((
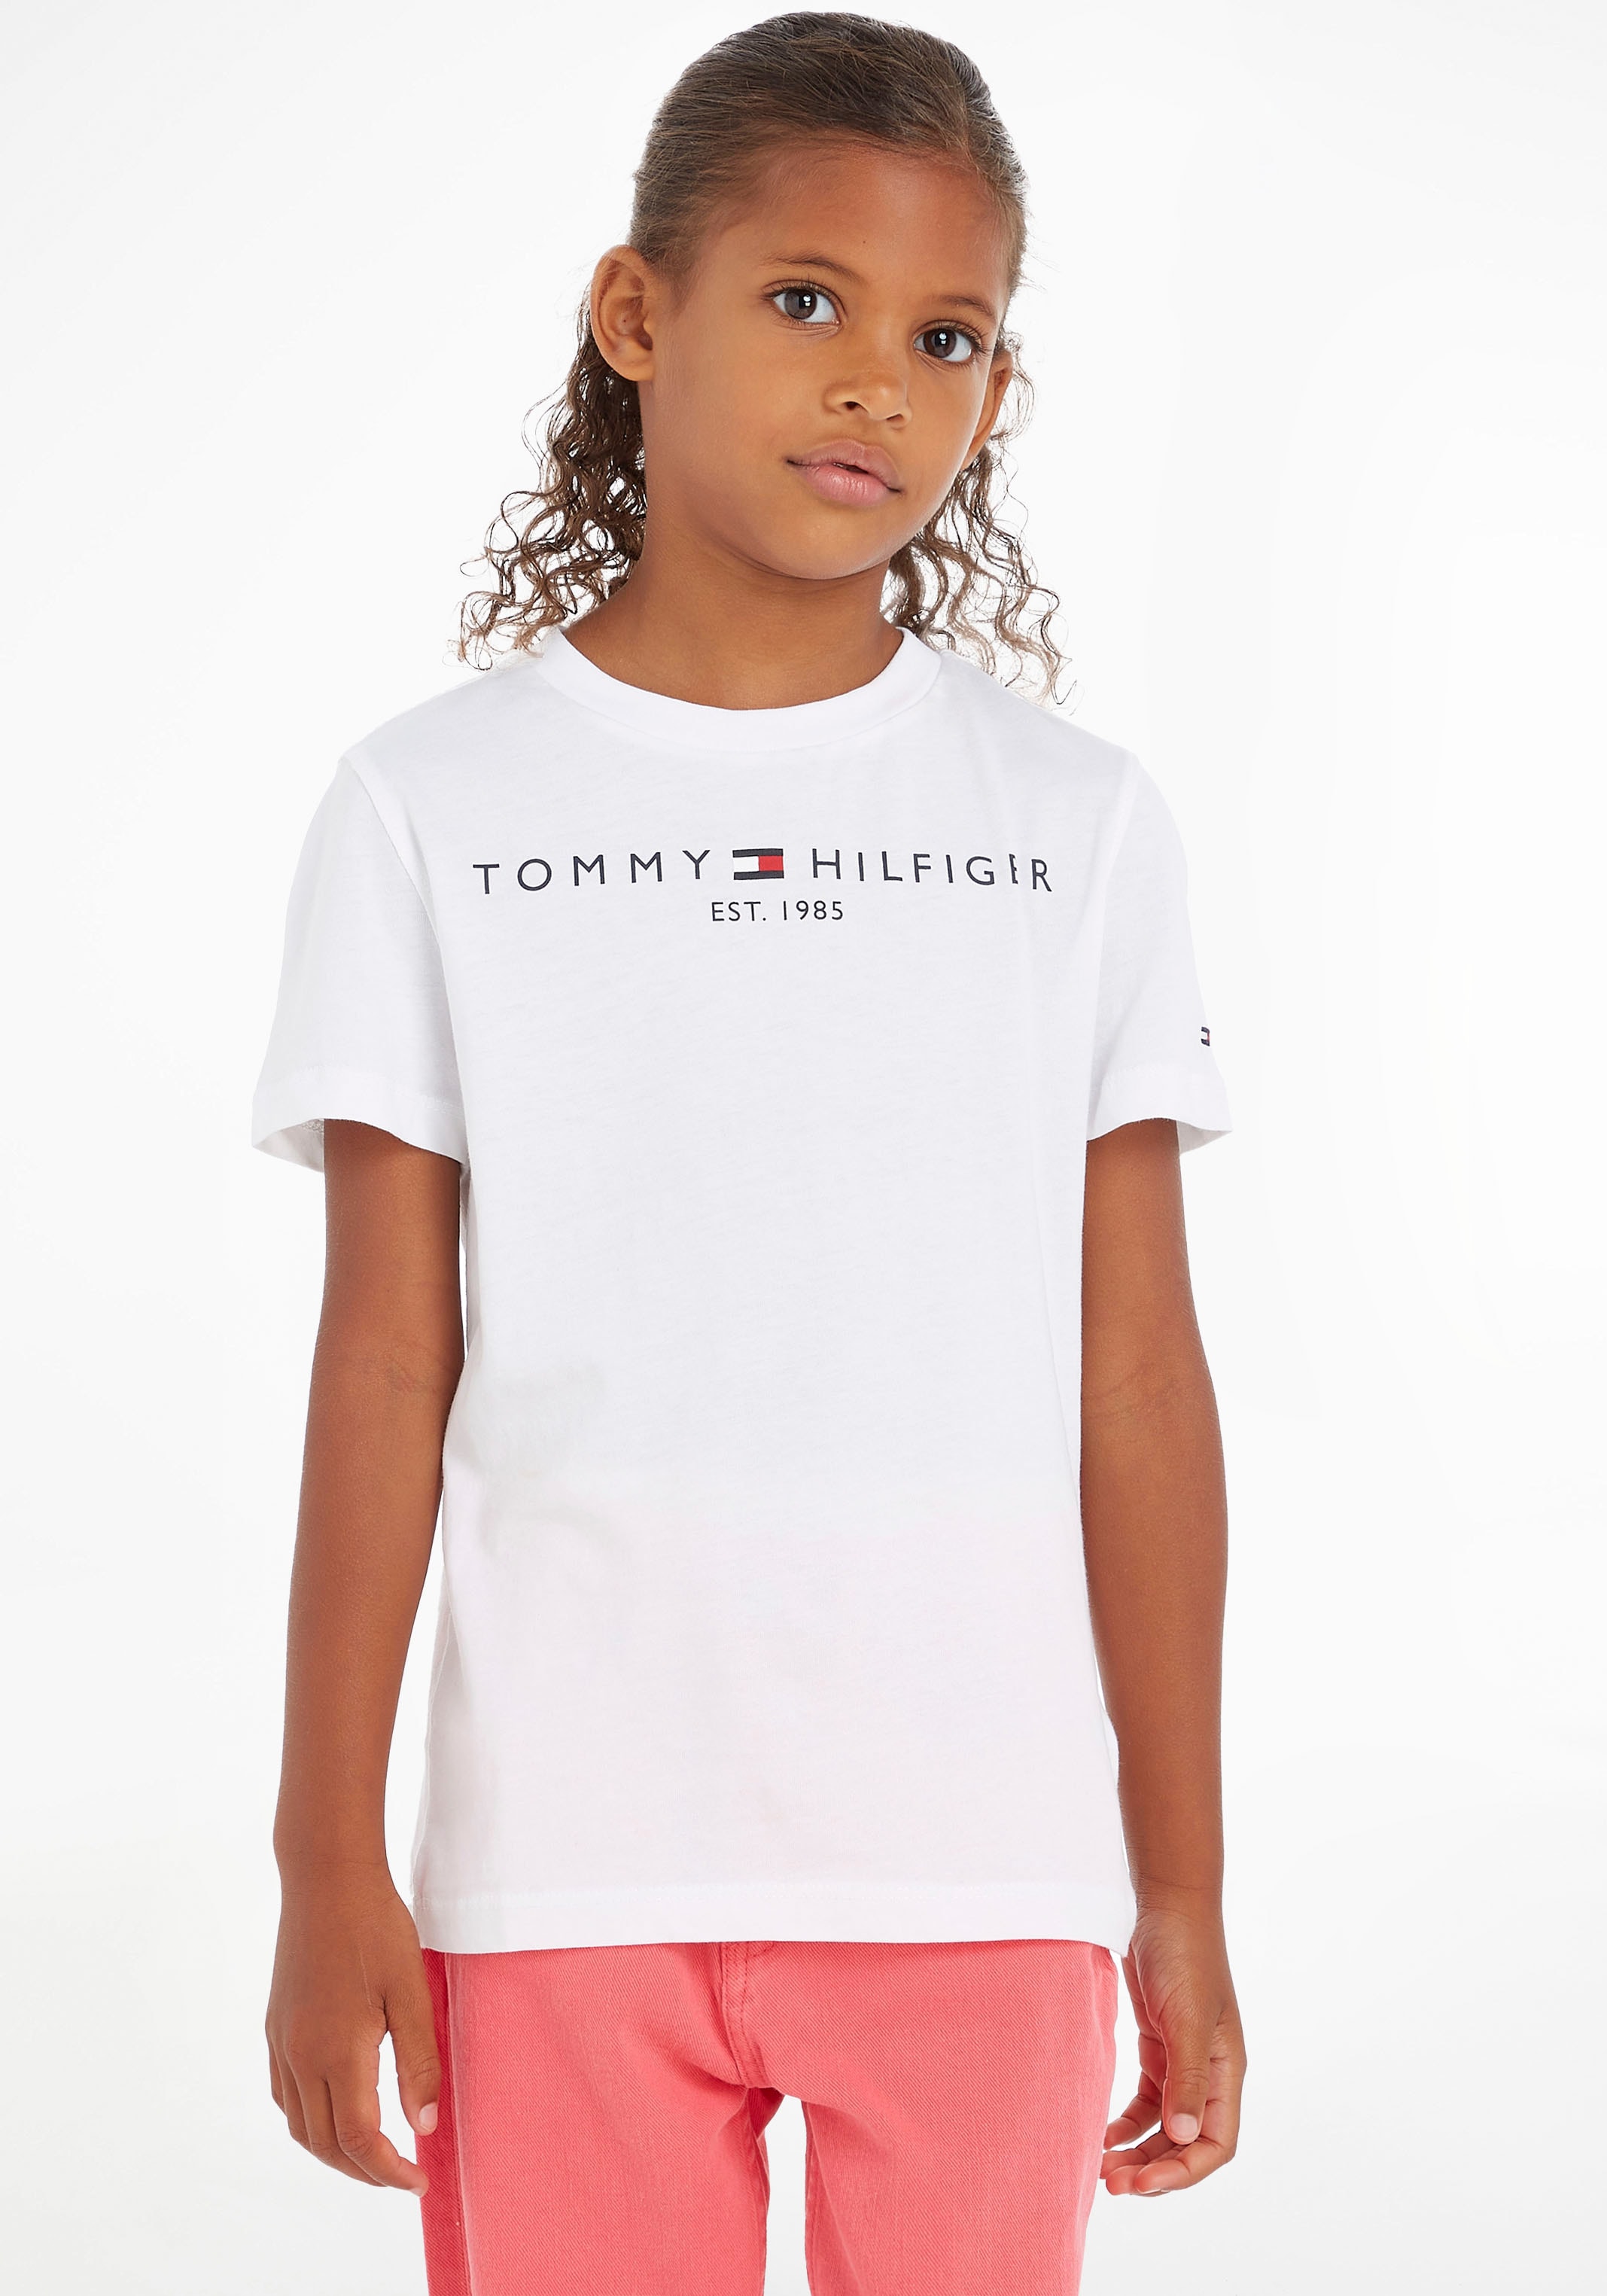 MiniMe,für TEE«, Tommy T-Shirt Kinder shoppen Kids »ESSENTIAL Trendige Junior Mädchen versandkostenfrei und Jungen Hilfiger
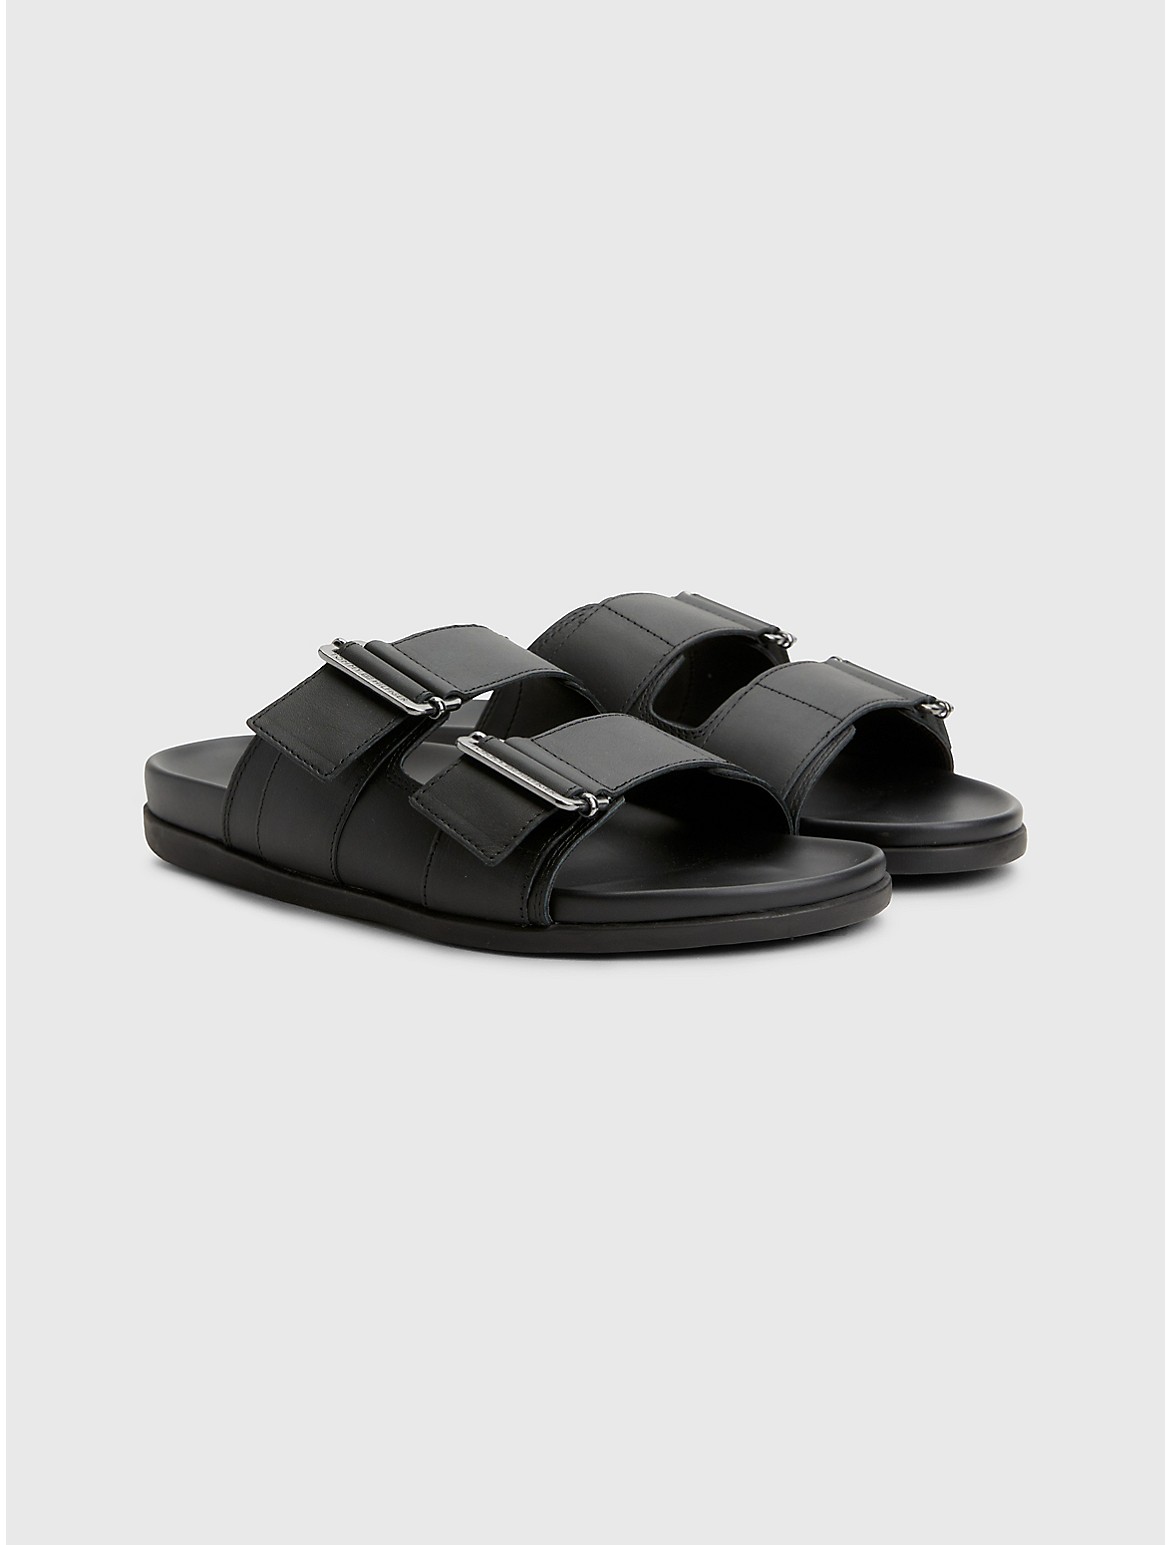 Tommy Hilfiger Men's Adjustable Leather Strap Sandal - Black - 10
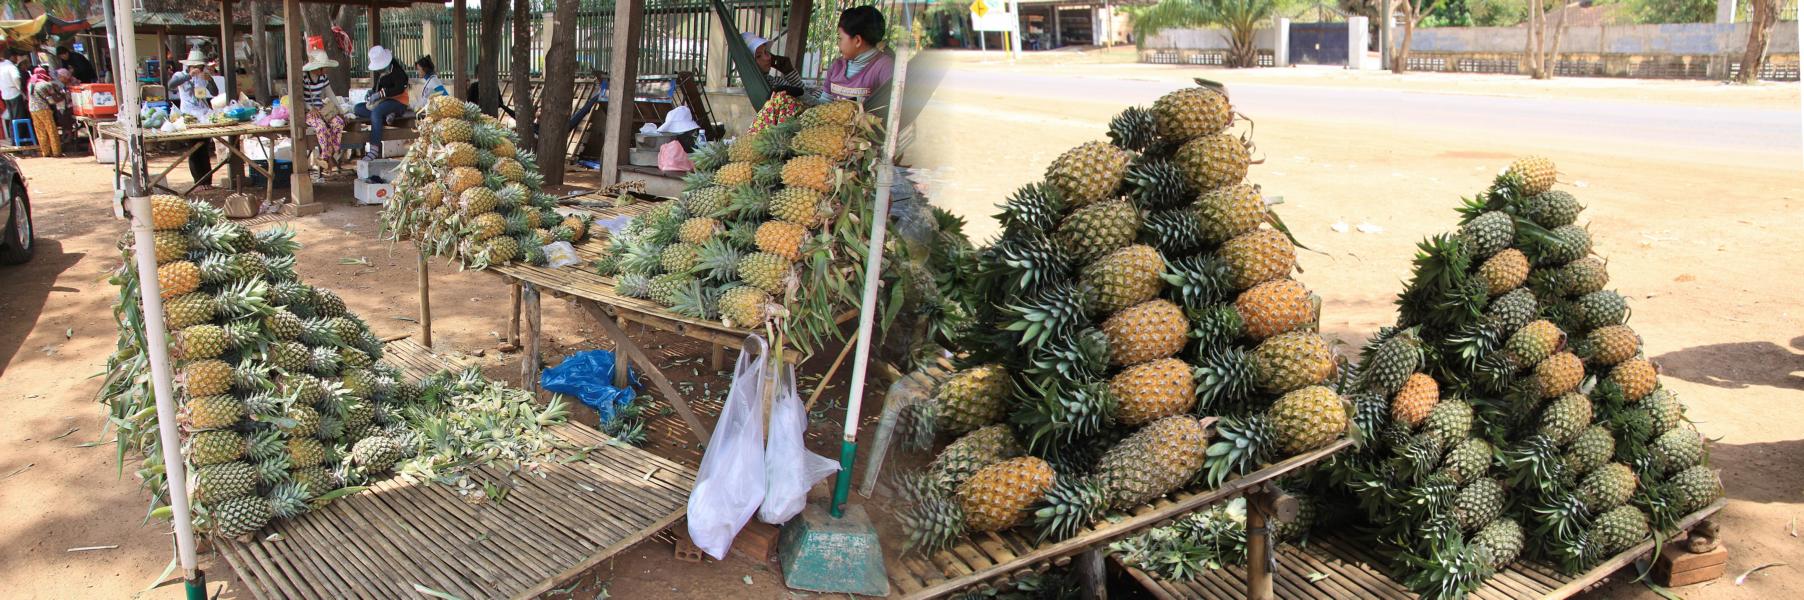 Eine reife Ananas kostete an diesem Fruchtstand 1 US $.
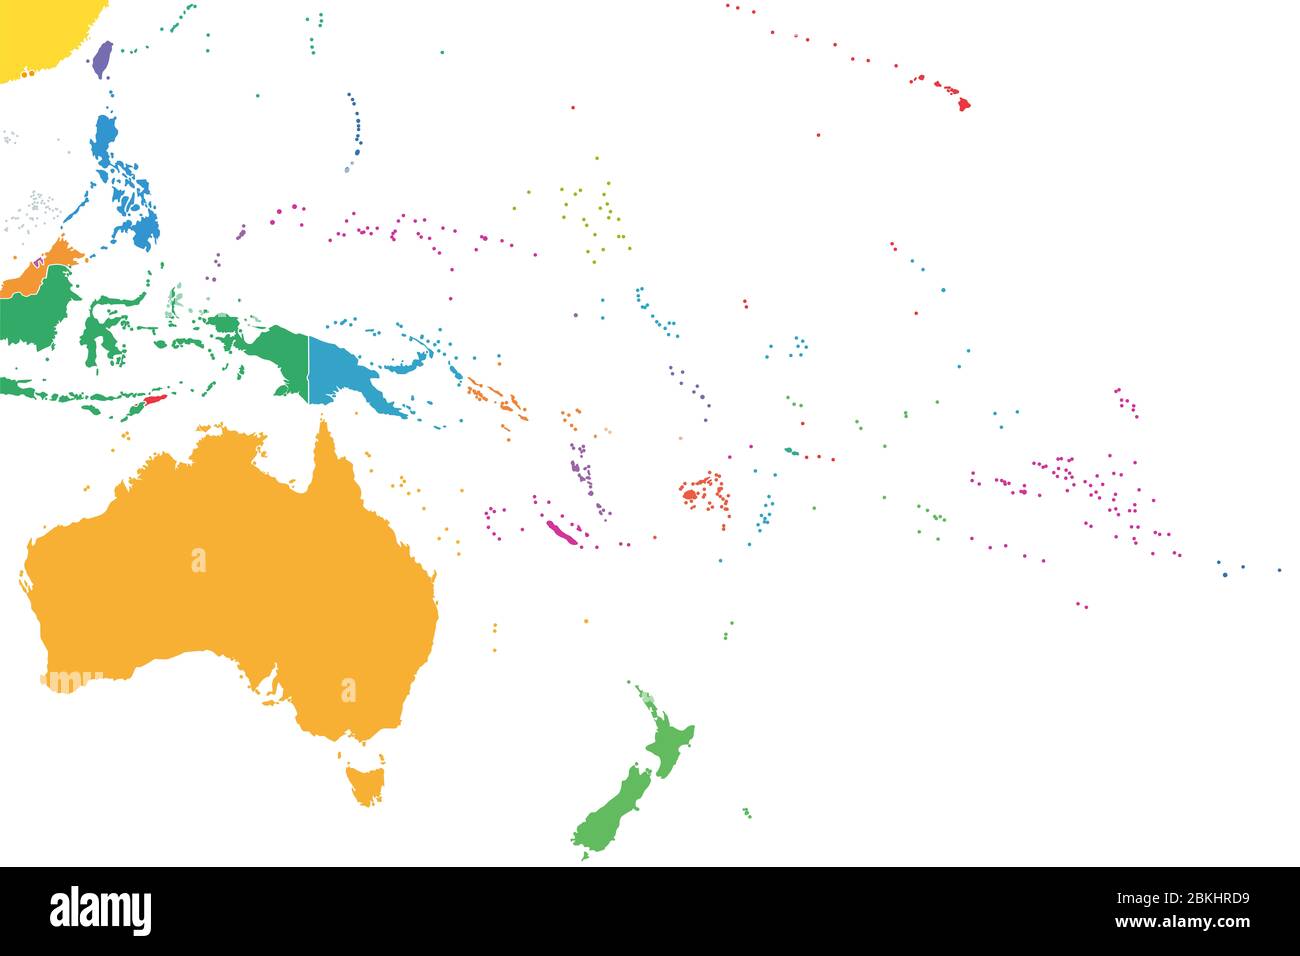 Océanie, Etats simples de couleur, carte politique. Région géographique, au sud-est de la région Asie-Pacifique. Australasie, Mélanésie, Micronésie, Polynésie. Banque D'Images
))
→ **Exercise requirements**
Only the listing above, set down exactly and without pictures, belongs in the answer.

→ **Answer to this task**
 MiniMe,für TEE«, Tommy T-Shirt Kinder shoppen Kids »ESSENTIAL Trendige Junior Mädchen versandkostenfrei und Jungen Hilfiger
 Tommy Hilfiger Men's Adjustable Leather Strap Sandal - Black - 10
 Eine reife Ananas kostete an diesem Fruchtstand 1 US $.
 Océanie, Etats simples de couleur, carte politique. Région géographique, au sud-est de la région Asie-Pacifique. Australasie, Mélanésie, Micronésie, Polynésie. Banque D'Images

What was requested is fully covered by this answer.